LMD TV
Airing his views on the devaluation of the Sri Lankan Rupee against the US Dollar, the Chief Executive Officer of Standard Chartered Sri Lanka Bingumal Thewarathanthri opined: “First of all, it is more of a free float and isn’t controlled. We need a different level of rationalisation – critical thinking is crucial because we cannot let our currency weaken beyond a certain point.”
“Of course, there will be benefits – controlled imports, increased worker remittances and more exports are our expectations; and at this point, we are watching and monitoring this space carefully. However, government intervention would be necessary if the rupee depreciation becomes insufferable,” he continued.
Outlining the main risks faced by banks at the time, Thewarathanthri explained that “low foreign currency reserves and the struggle to collect dollars on a day-to-day basis are the primary issues faced by banks.”
He added: “As a result, particularly nonessential import driven clients will pose a huge risk. Further, with tourism moratoriums ending, we believe that some clients will go into overdue positions and struggle to repay their loan obligations.”
“However, I believe financial institutions still have a good appetite for risk – a double digit growth of the private sector is expected but the focus will definitely shift towards exporters,” he explained.
Thewarathanthri continued: “We can clearly see banks focussing more on exporters and industries earning dollars with import led business being marginalised. Despite the many associated risks, we support the tourism industry and believe in its revival.” Speaking on inclusivity, he said: “We all play to our strengths. Banks adopt strategies that suit them best – they carefully look at gaps in the market and focus on a particular segment like the SMEs, microfinance or a specific business area…”
“Only an estimated two billion out of nearly eight billion people in this world have access to formal banking facilities. So we realised that there’s so much untapped potential and set up a Liquid Participation (LP) team to concentrate on the larger unbanked population to bring them into the finance world to harness these opportunities,” he enthused.
Thewarathanthri remarked: “Decentralised Finance (DeFi) is a great tool to expand our services – it is transparent and fair, and an efficient choice. However, financial regulators across countries behave differently, and there are complex tools such as cryptos and blockchain in the market. If there is no alignment in governance, it is difficult to reap maximum benefits. I think we will eventually streamline operations; and I do see DeFi as a huge opportunity for the SMEs.”
Standard Chartered Sri Lanka has adopted well to the latest trends in commercial banking, he stated, adding: “Omni-channel is the way forward; though digitalisation reached unprecedented levels during the pandemic, research says that for complex transactions like completing a mortgage or wealth product, clients prefer physical interaction. I envision a hybrid working arrangement in future.”

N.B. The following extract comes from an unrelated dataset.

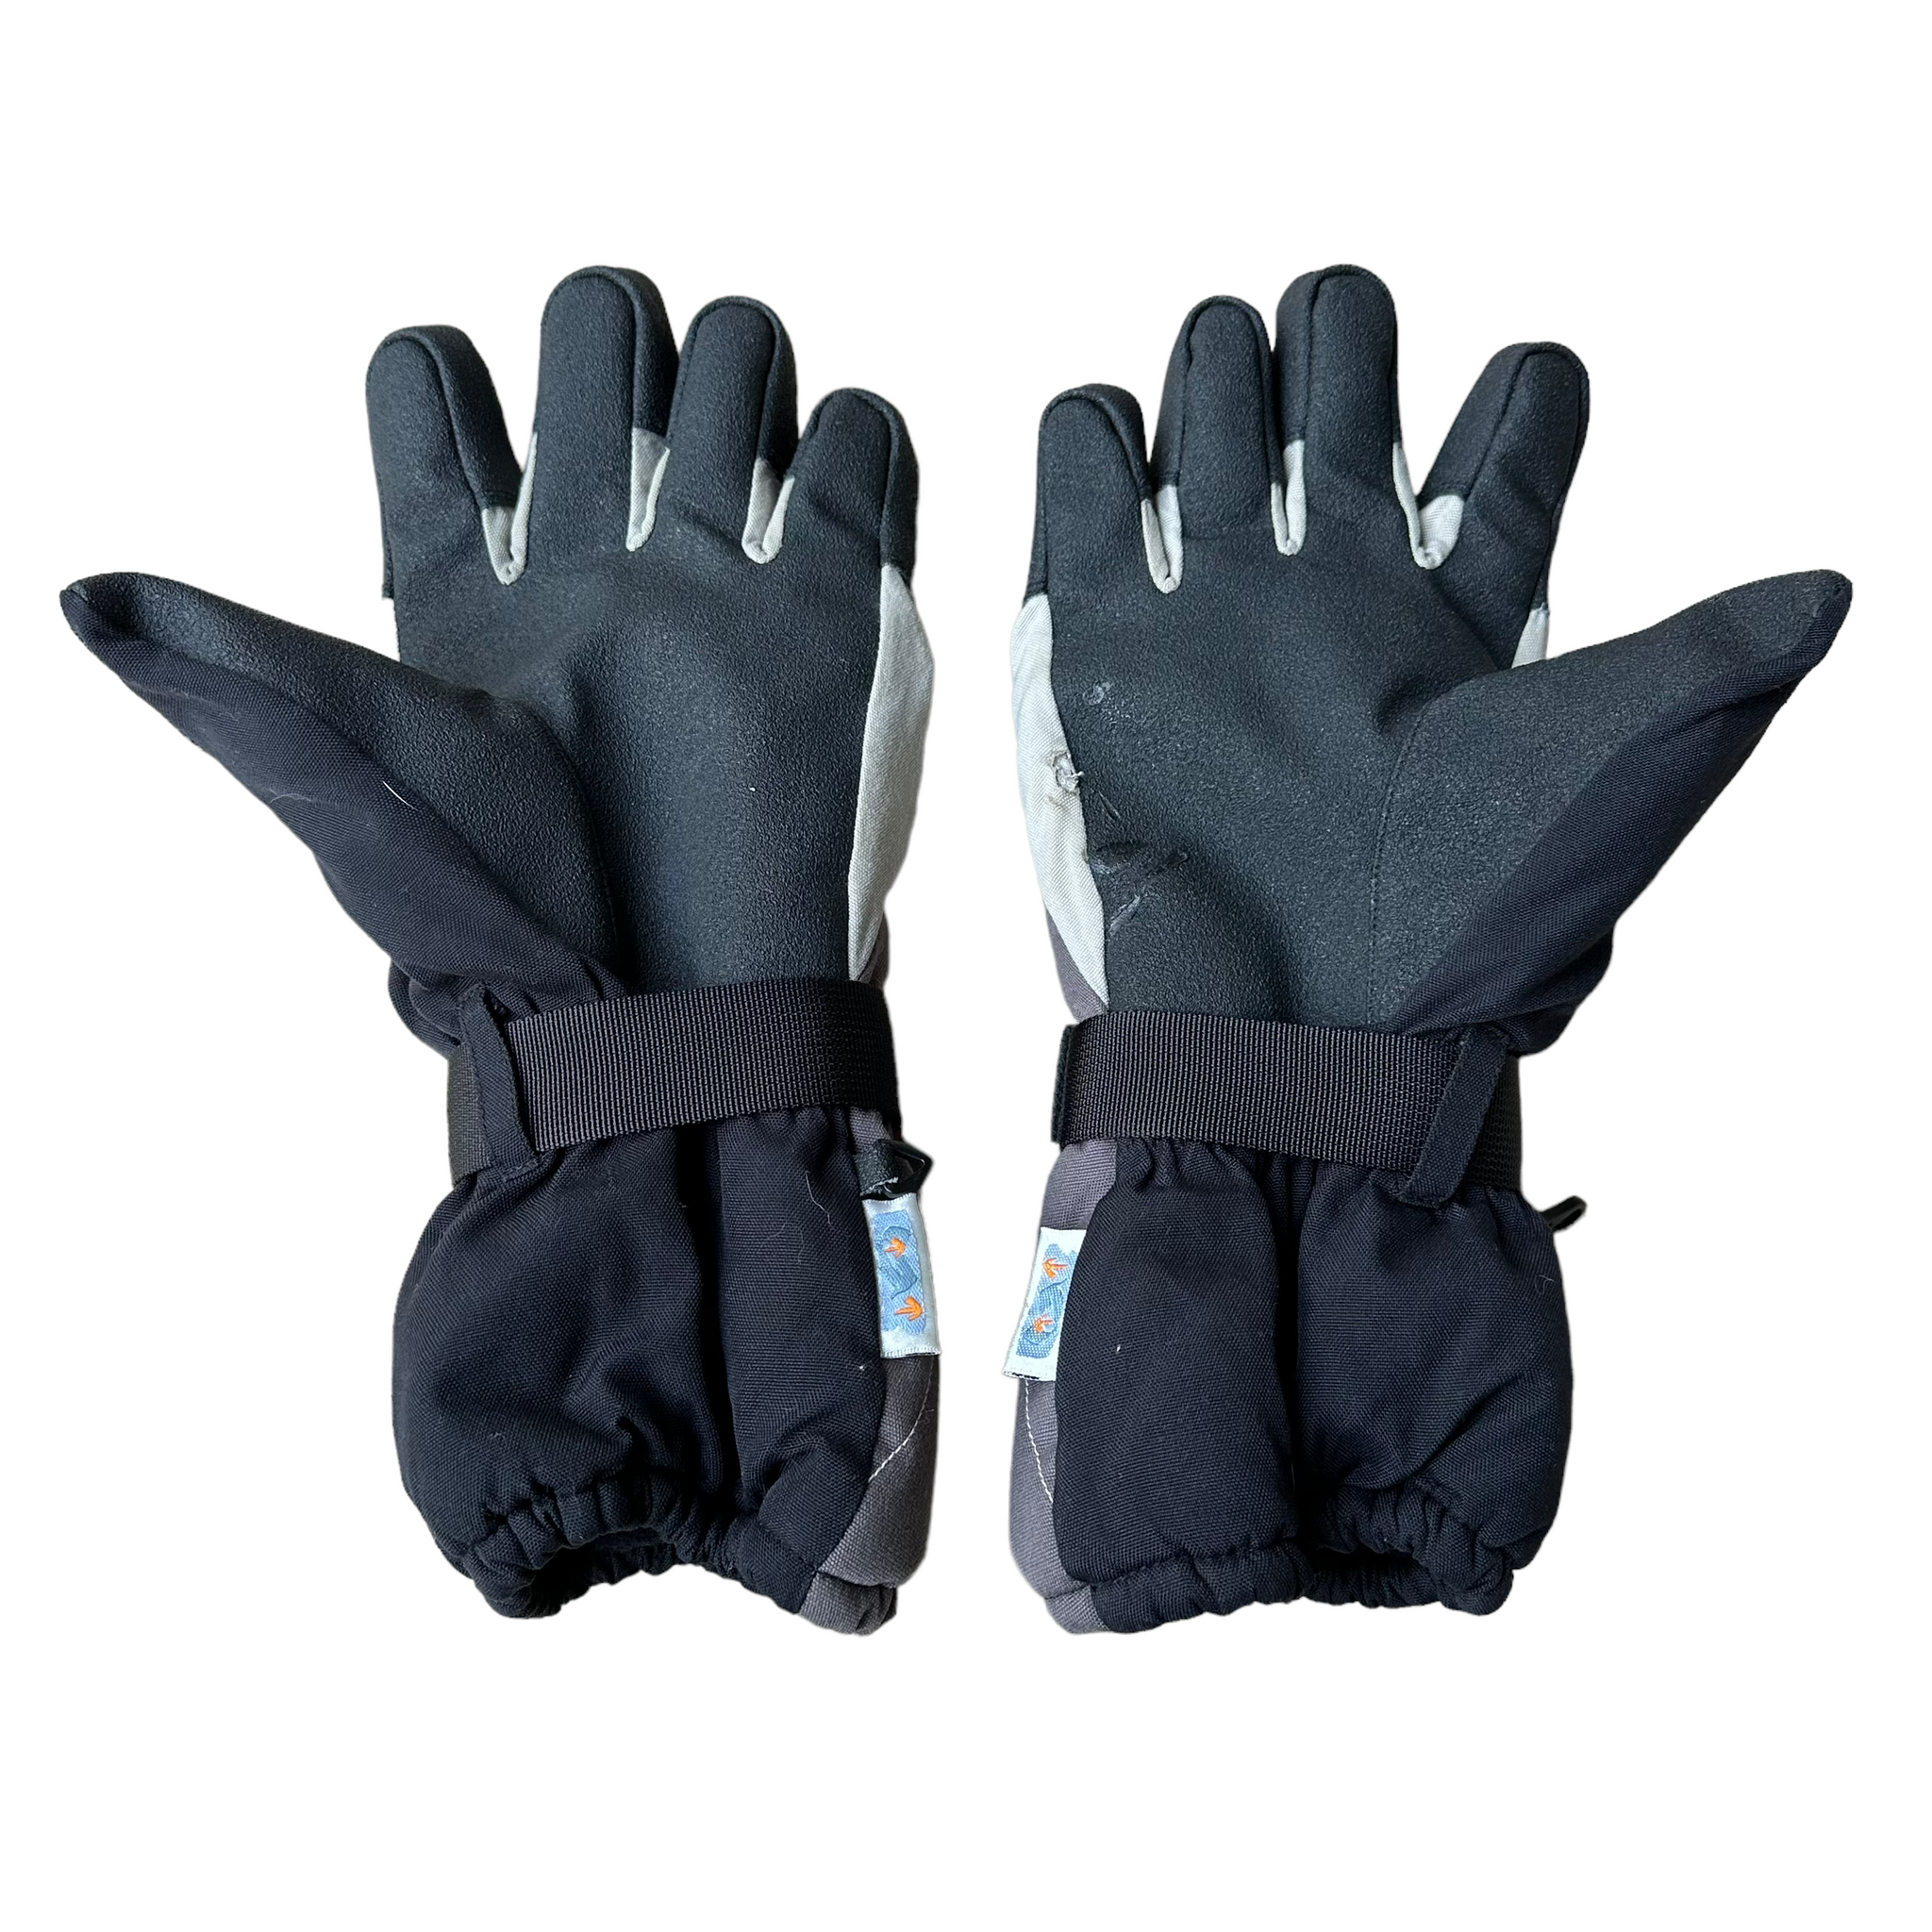 Salomon gloves XL

“Sustainable finance is a huge opportunity – we are driving a programme throughout the organisation to achieve net zero on carbon emissions. Moving out the brown industries in our portfolio and embracing green business operations is one of the activities undertaken. The import embargoes will encourage local manufacturing, presenting us with many prospects to actively pursue a sustainability agenda,” Thewarathanthri revealed.
As for his expectations of Sri Lanka’s economic growth in the near future, he summed up: “The next 10 months will be difficult to navigate. We are still forecasting four percent growth in GDP, being cautiously optimistic. How we manage the imminent loan settlement and the entire debt restructuring, and having a consistent supply of energy and power, will determine the actual growth rate.”